Transcribe the data that follows without changing a word, and omit the pictures.

** SUPPLIED DATA **
[Start of Attachment]

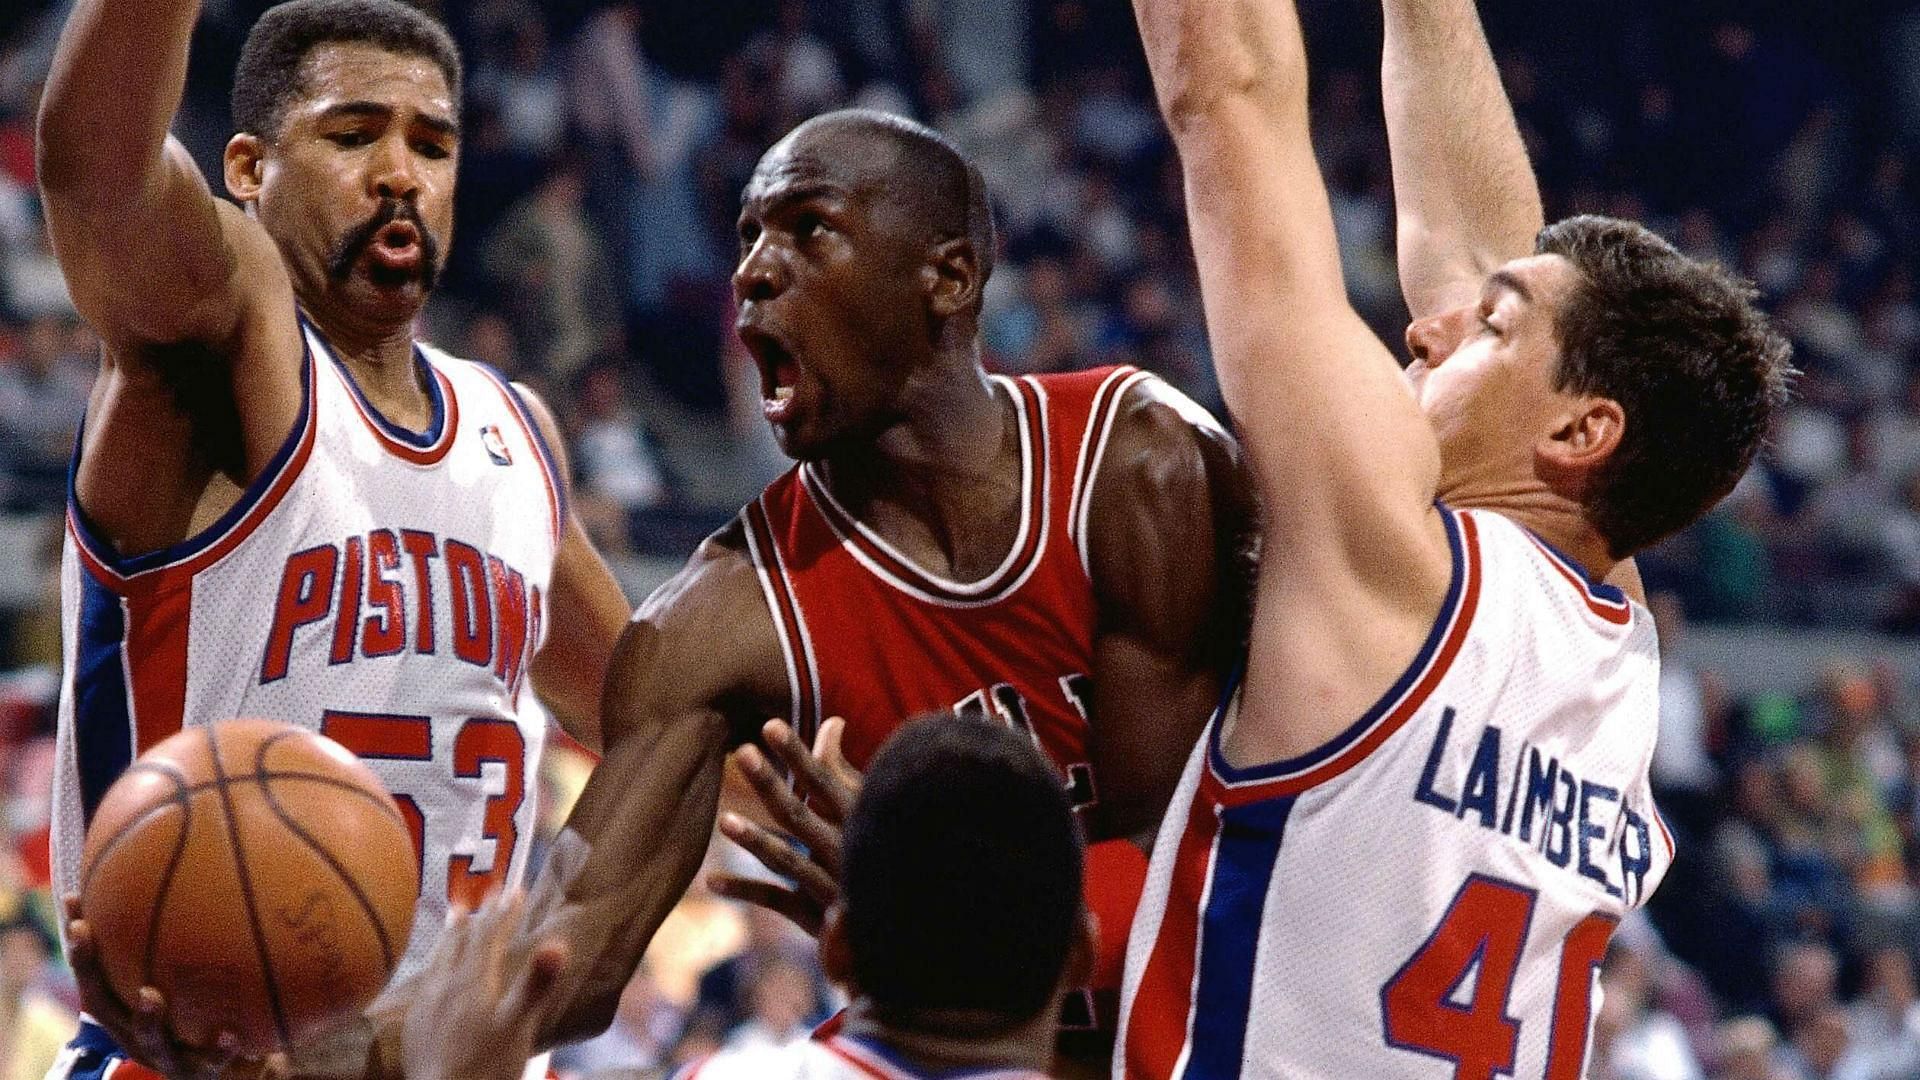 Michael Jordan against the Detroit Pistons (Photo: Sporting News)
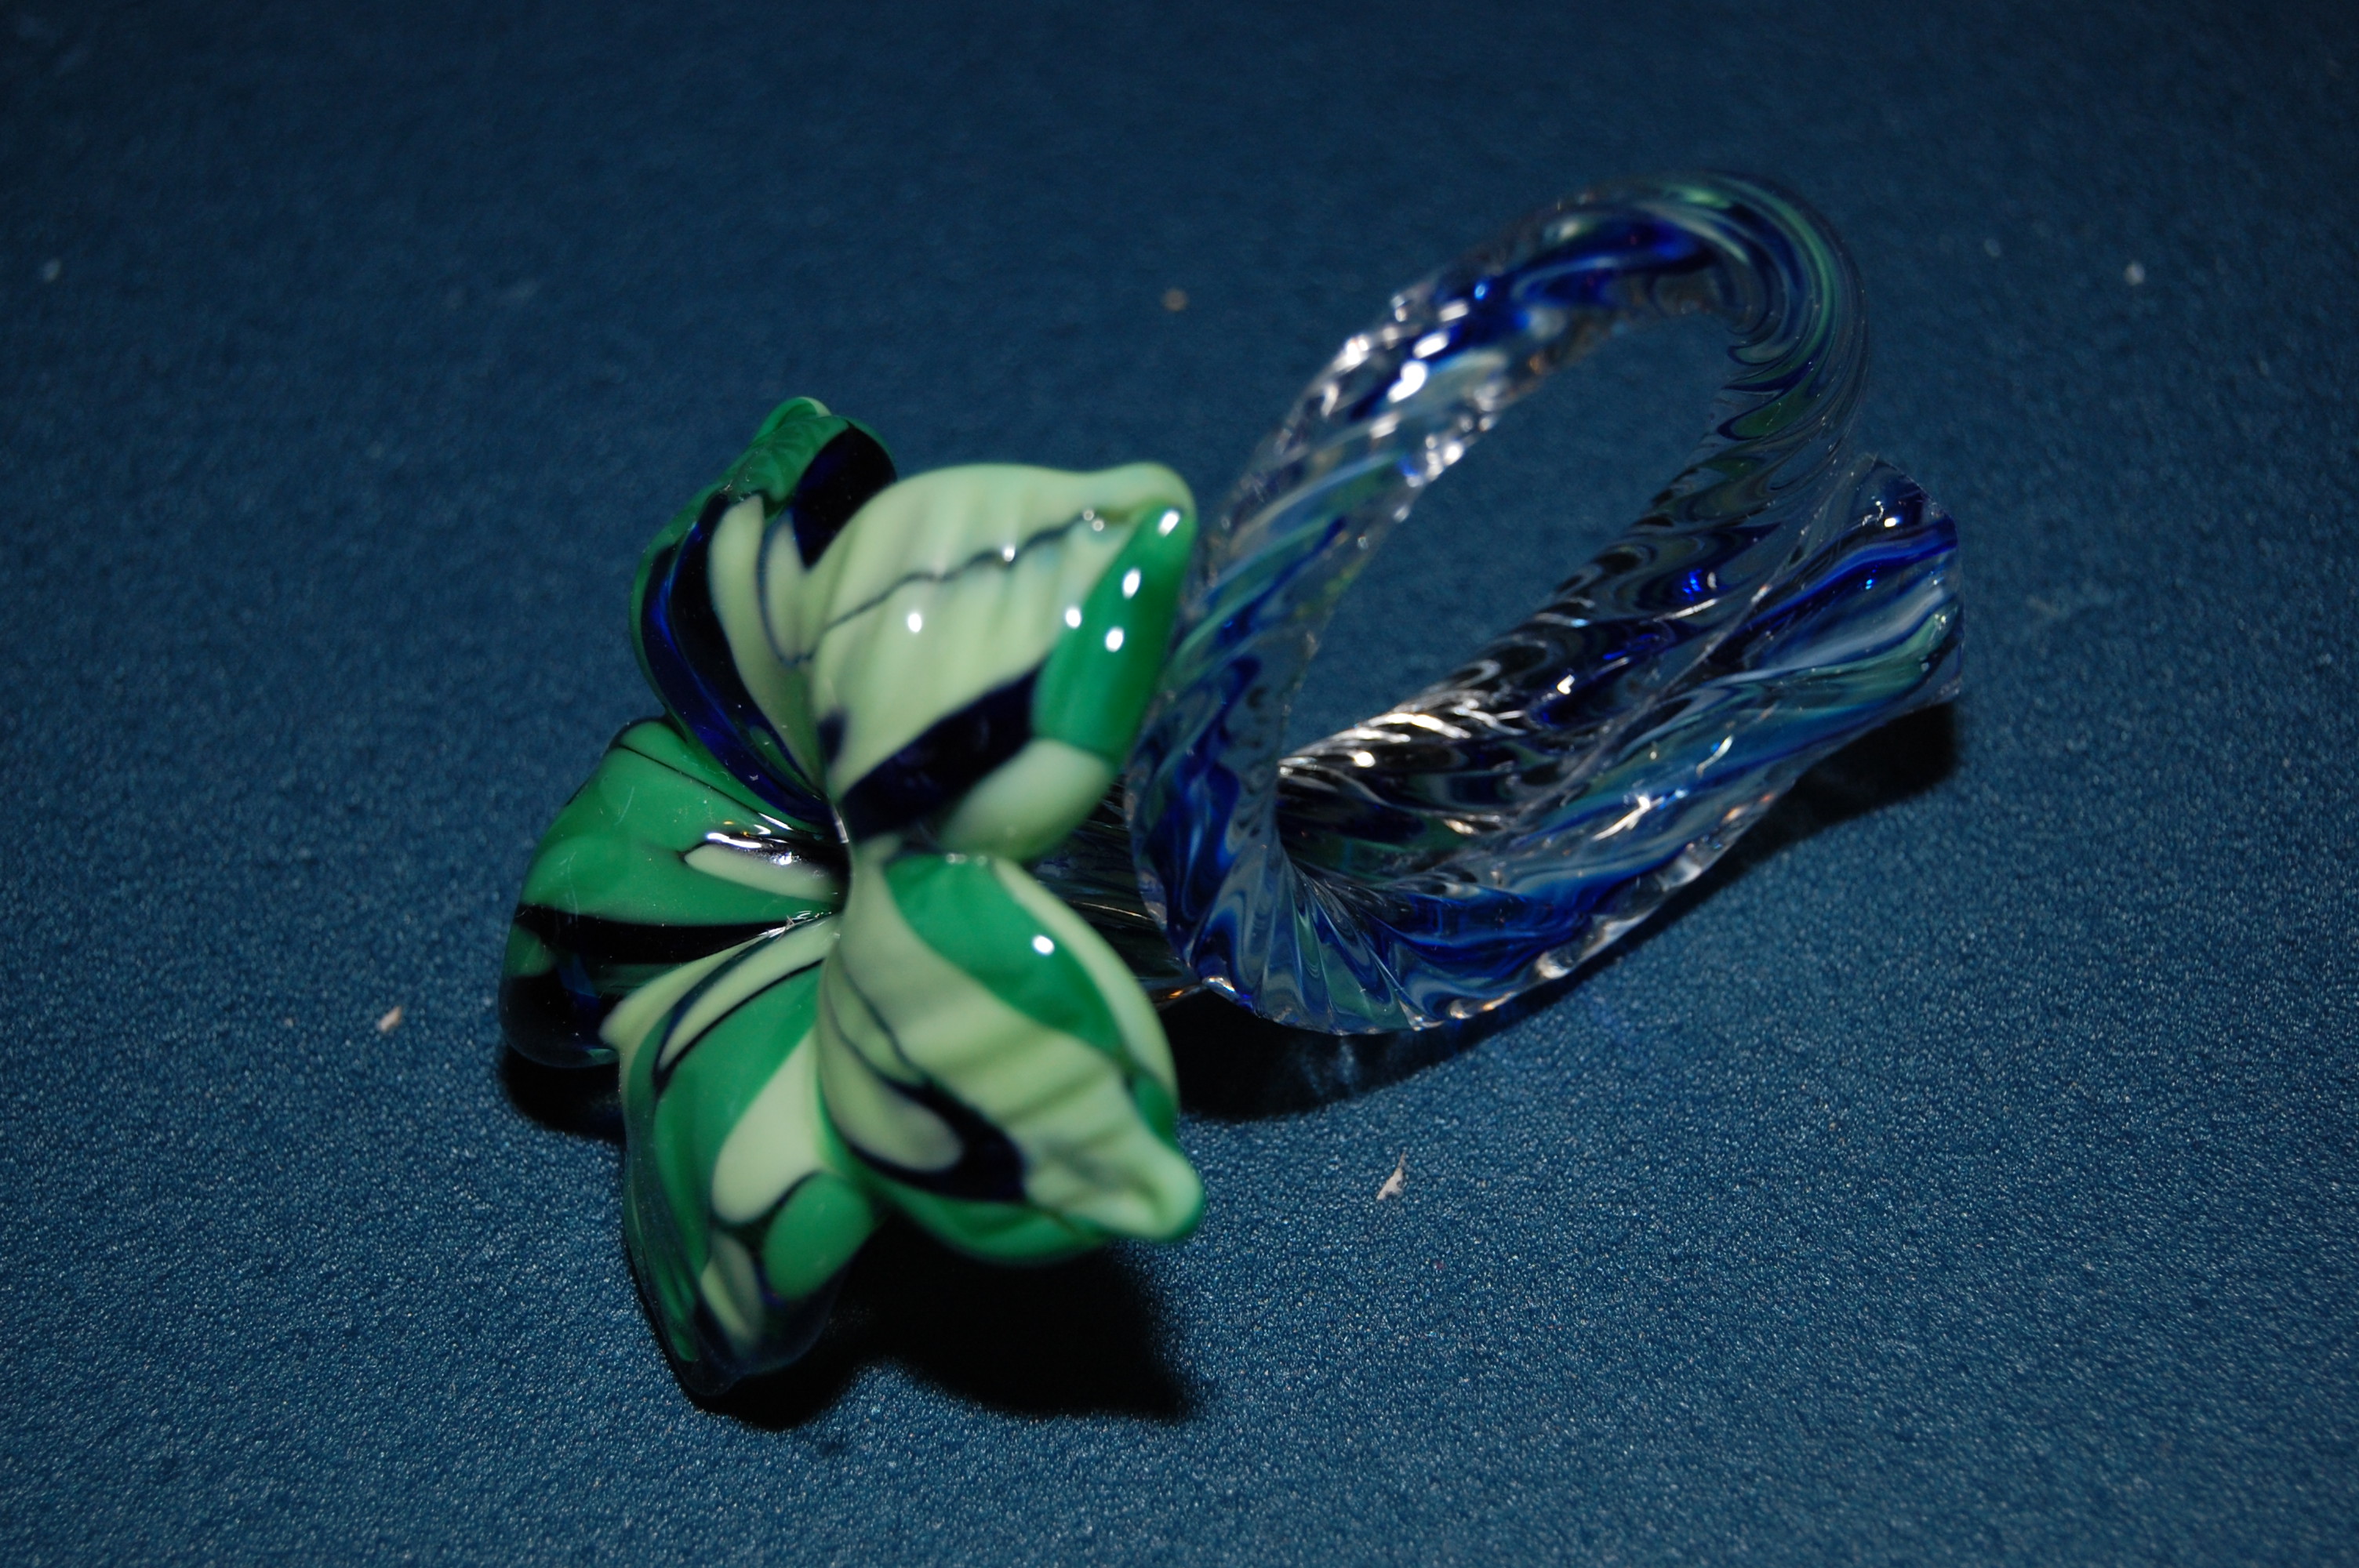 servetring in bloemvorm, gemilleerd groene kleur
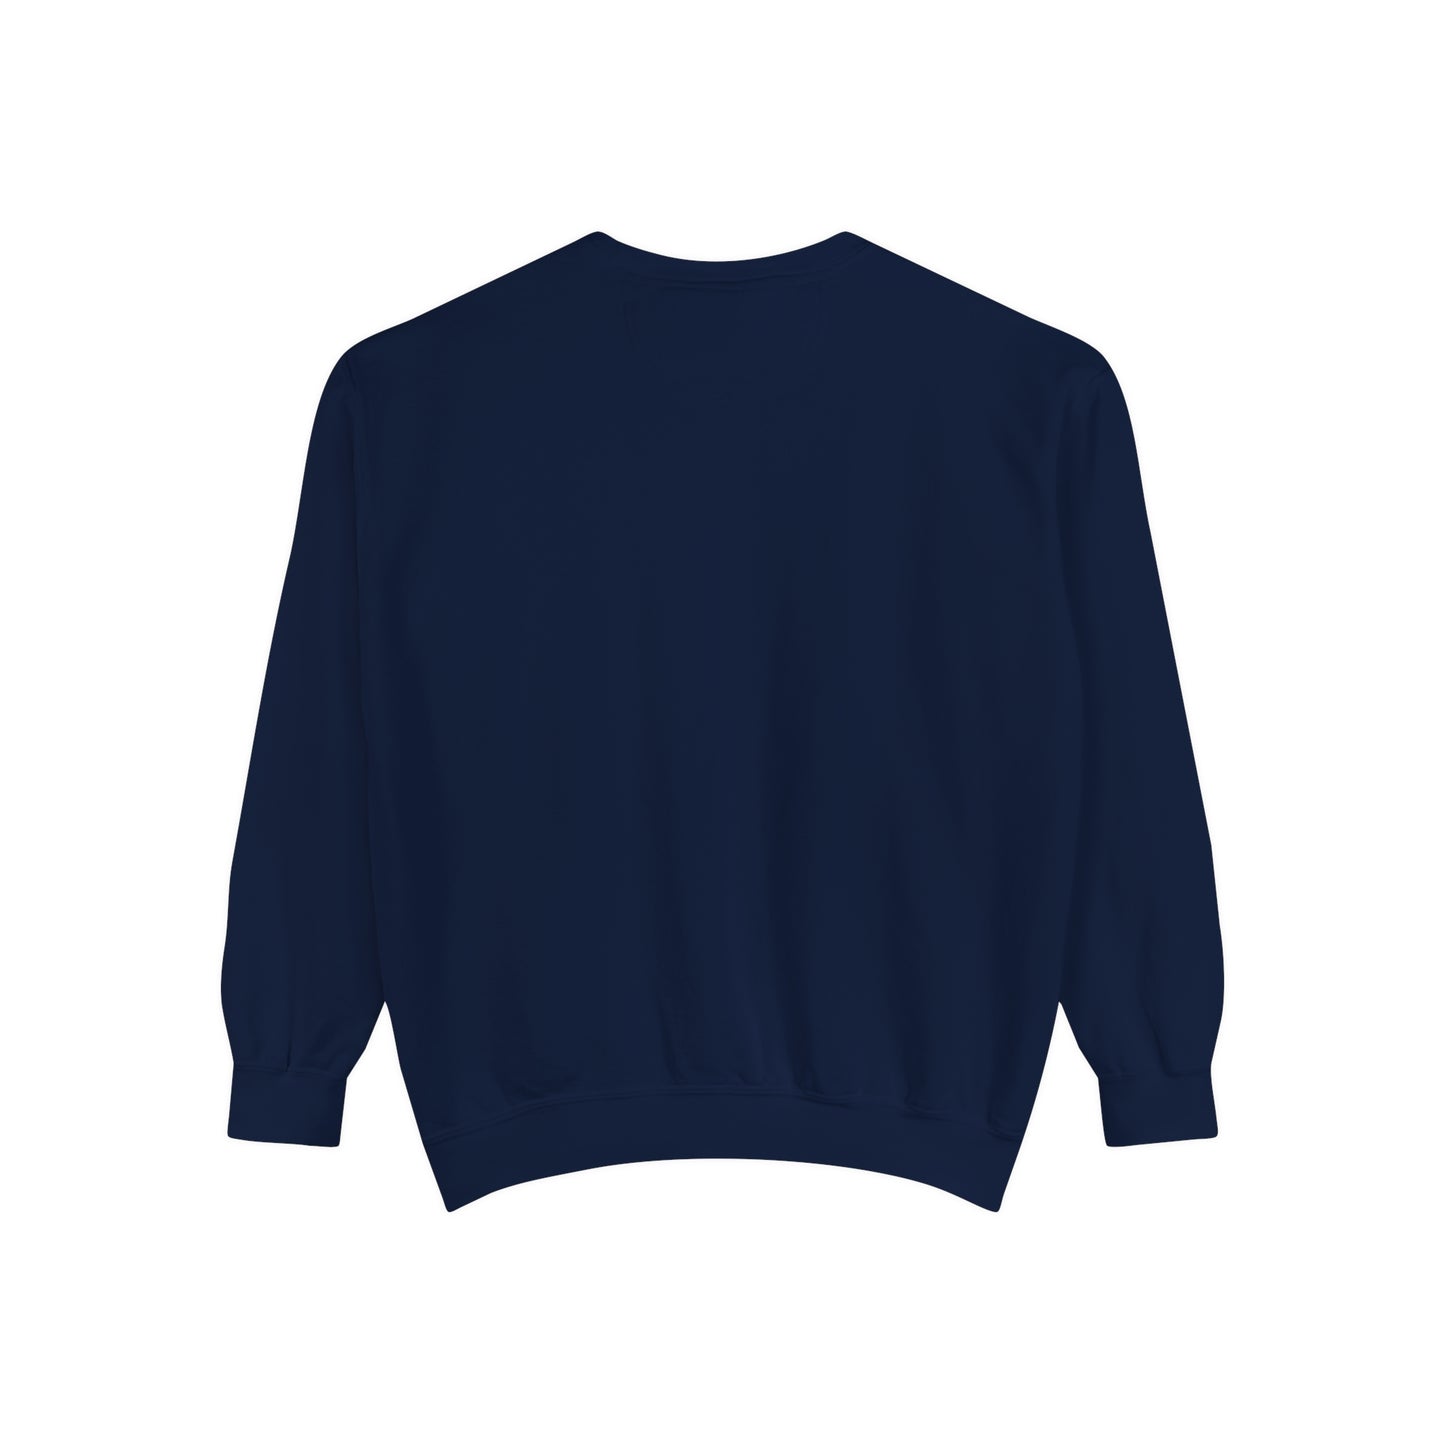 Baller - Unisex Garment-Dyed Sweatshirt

[End of Attachment]

** SOLUTION TO THE EXERCISE **
 Michael Jordan against the Detroit Pistons (Photo: Sporting News)
 servetring in bloemvorm, gemilleerd groene kleur
 Baller - Unisex Garment-Dyed Sweatshirt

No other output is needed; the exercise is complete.